Spawning Agents as Emergent Tool Behavior
This enables, perhaps as an interesting side effect, the placement of LLM requests in the chain. If you give the caller agent the API spec of an LLM provider, it can spawn ephemeral agents to do work without any custom tools or agentic framework. The agent selects the provider, model, system prompt, temperature, and instructions at runtime. From the parent agent's perspective, it called one tool. Internally, that tool spawned five parallel LLMs and their contexts to process results.
We've Been Building the Wrong Abstractions
The agent tooling stack evolved to solve real problems, but each solution created new ones. We built rigid tool schemas when APIs already document themselves. We built orchestration frameworks when protocol primitives can be composed on-the-fly. We built interoperability layers to bridge incompatible tool definitions when the underlying APIs already speak a common language through OpenAPI.
MCP solved interoperability between custom tools, which was important. But there's a more fundamental question: what if we didn't need API-specific tools in the first place? Give agents eight universal functions and the ability to read specifications, and they can interact with any API without custom code!

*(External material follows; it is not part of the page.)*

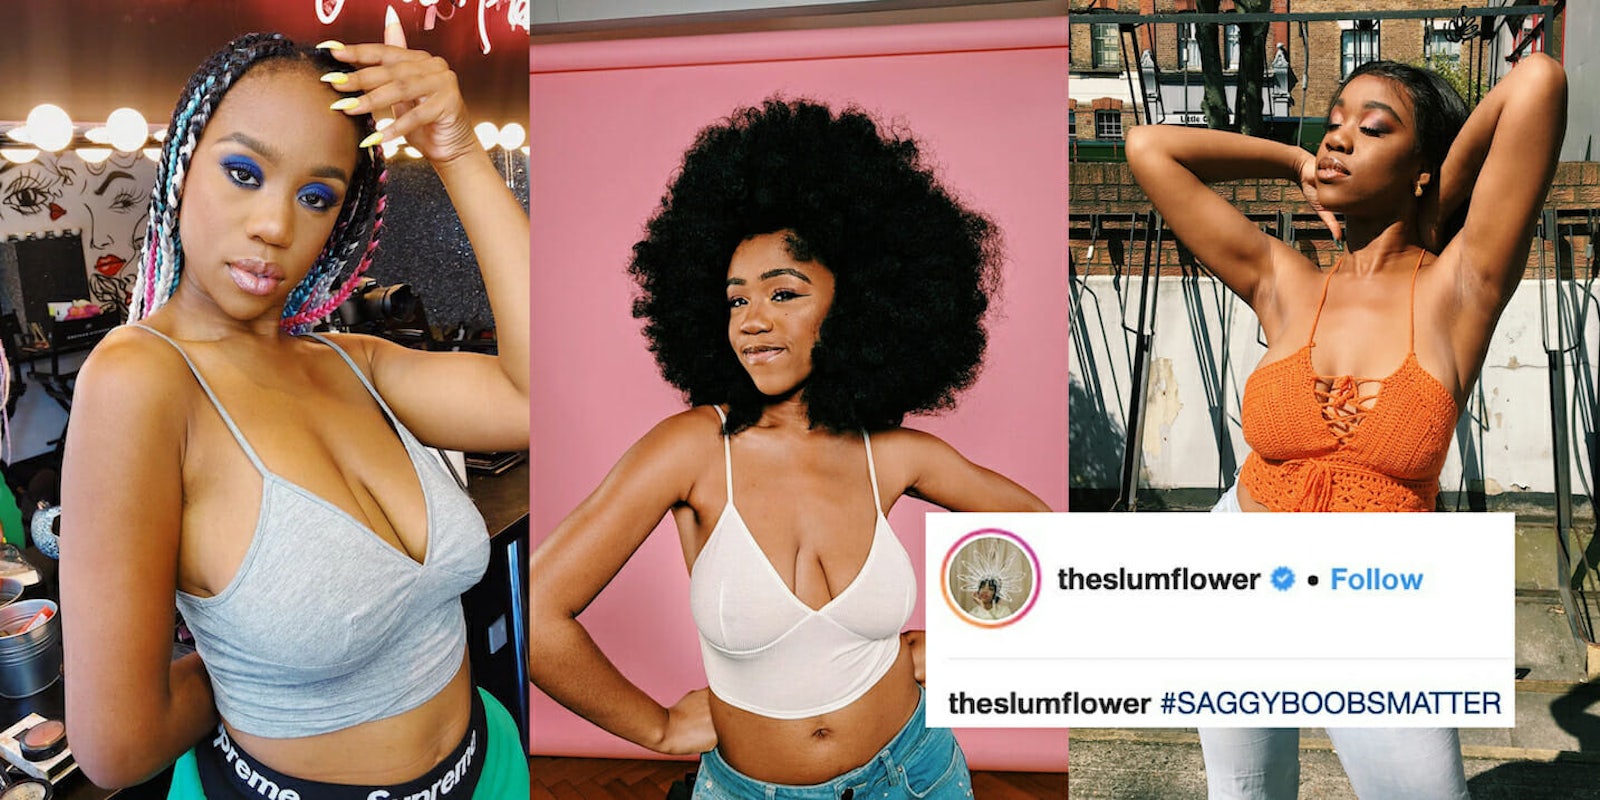 People are showing that #SaggyBoobsMatter after social media influencer Chidera Eggerue's movement.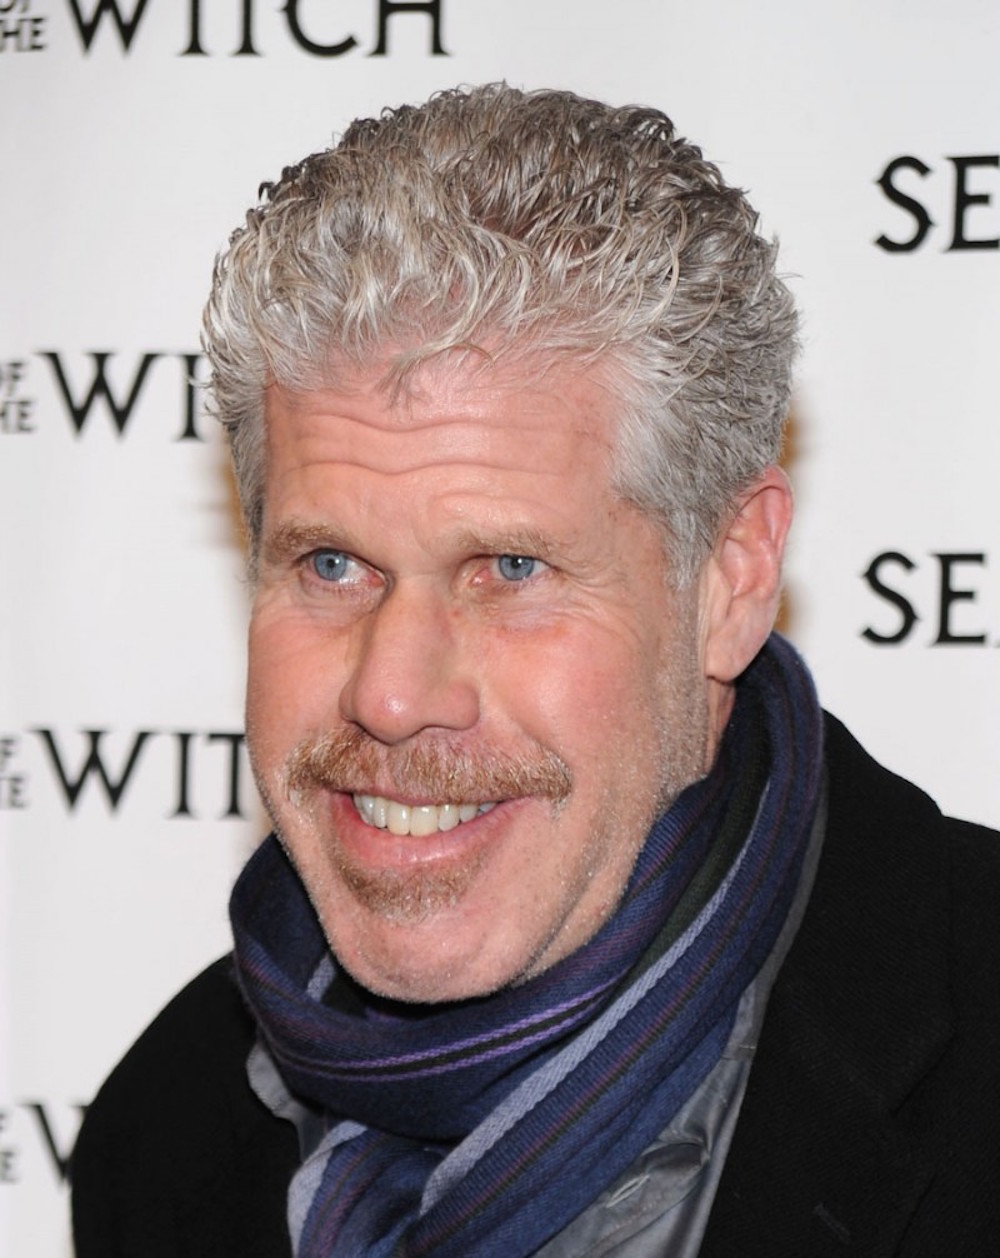 12. Ron Perlman - He voiced Scorpion in Mortal Kombat - Defenders of the Realm

Discovering and building capabilities dynamically instead of hardcoding them
Every API-specific tool or MCP is technically hardcoded. We don't usually think of tools that way, but that's what they are. Someone sat down and wrote fixed schemas mapping API endpoints to function definitions, and now agents are constrained to those exact capabilities until someone updates the code. When the API changes, the tool breaks. When you need a different combination of calls, you write a new tool. We've been treating agent capabilities as if they were static and pre-determined instead of dynamic, discoverable interfaces.
This approach gives agents... agency. They discover, navigate, determine which endpoints solve their task, construct requests with parameters and filters on-the-fly, chain operations together, and spin up ephemeral sub-agents with custom prompts and models to summarize or transform data. If an agent can write code, it can figure out an endpoint call with JSONPath filters and chained requests. If it can reason about complex problems, it can determine what temperature, model, and instructions a sub-agent needs to process a specific piece of work.
The agent isn't limited to the tools someone decided to build, it has the primitives to construct whatever capability is required. It learns which patterns work, surfaces them as specialized tools, and adapts as usage evolves.
Repo: github.com/philippe-page/universal-openapi-mcp
The same approach is also available as a toolkit of functions exported for Anthropic SDK, OpenAI SDK, and AI-SDK: github.com/philippe-page/openapi-toolkit.